I’d always encourage a client to take a dispassionate, commercial view of their case. For example, if your likely legal costs will far exceed the amount you are likely to recover then, even if you’ll obtain a lower amount through an early settlement, that is surely the better option than taking the case to court and running the risk of no recovery at all.
Separating the emotion from a case isn’t always easy for clients. I’ve dealt with numerous cases in which family members or friends in business together suffer a falling out. If they were able to step back and look at things objectively, they would probably take the commercial view and settle. But it’s hard to stay objective when personal relationships are involved. It often becomes a matter of pride. Other issues which should, ideally, remain entirely separate from the case, become wrapped up with it. There’s a reluctance to be the ‘one who backs down’.
In business, however, points of principle can prove costly.

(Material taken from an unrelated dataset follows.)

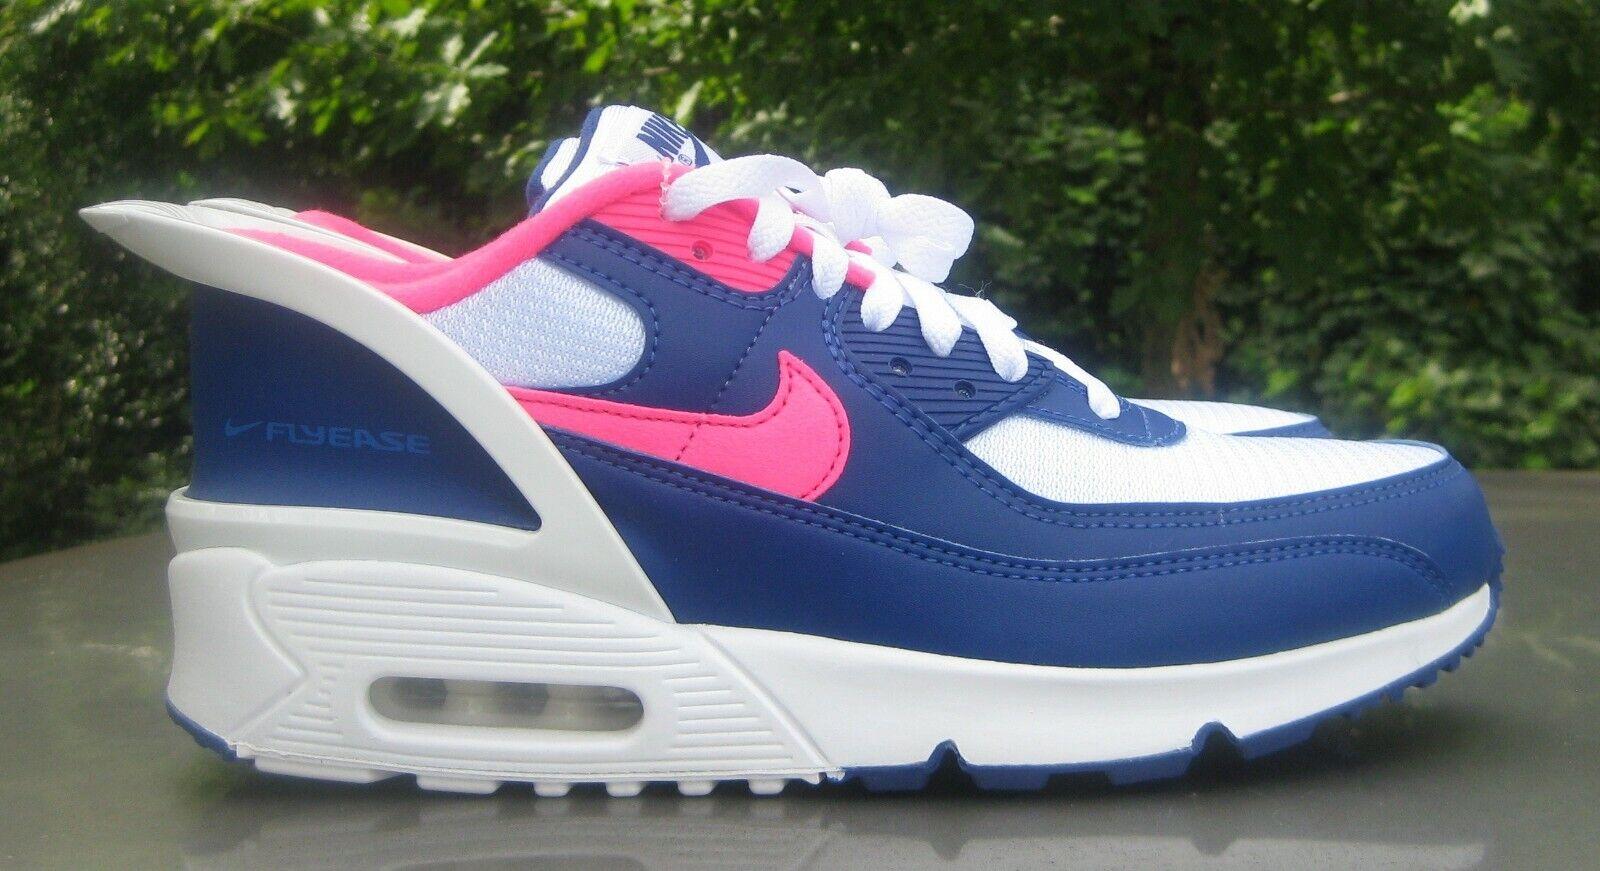 Nike Air Max 90 flyease bleu/rose CV0526-101 Taille 7Y jeunesse/Men's 7/Femmes 8.5

Mediation or arbitration (just two of several processes which comprise ADR) can lead to a quicker and cheaper settlement with the help of an independent third party. ADR is designed to keep cases out of courts. In fact, failing to engage in ADR may result in you being penalised in costs at any subsequent court hearing.
It is important not to go into the settlement process with an adversarial mindset. That erects barriers and makes it difficult to have any kind of productive communication. Avoid making personal attacks and be open to finding a creative resolution.
Sending an expert report to the other side which sets out a strong case can encourage settlement. Similarly, while legal advice is normally considered privileged (and therefore not disclosable to the other side), if the advice you obtain overwhelmingly supports your position while condemning the other side, it can sometimes be an effective tactic to waive the privilege and provide a copy of the advice to the other side.
The Civil Procedure Rules provide a way of settling a claim which puts pressure on the other side to accept a reasonable offer by providing financial incentives to do so. If your offer is not accepted and you obtain a judgment that is at least as advantageous as your offer, the court will award interest, costs on the indemnity basis (which is more generous than the standard basis) and award an additional amount of up to £75,000. This is calculated as being 10% of the money awarded up to £500,000 and 5% of any amount awarded in excess of this up to £1 million. If the case is a non-money claim, this additional amount is calculated on the amount of costs ordered instead.
For many, the risk of these significant additional costs can be enough to encourage them to settle.
Where litigation appears to be a possibility, you should obtain professional advice at the earliest possible opportunity. The earlier you act, the greater the chance that you’ll reduce costs and save time. Taking early action may help you avoid litigation entirely.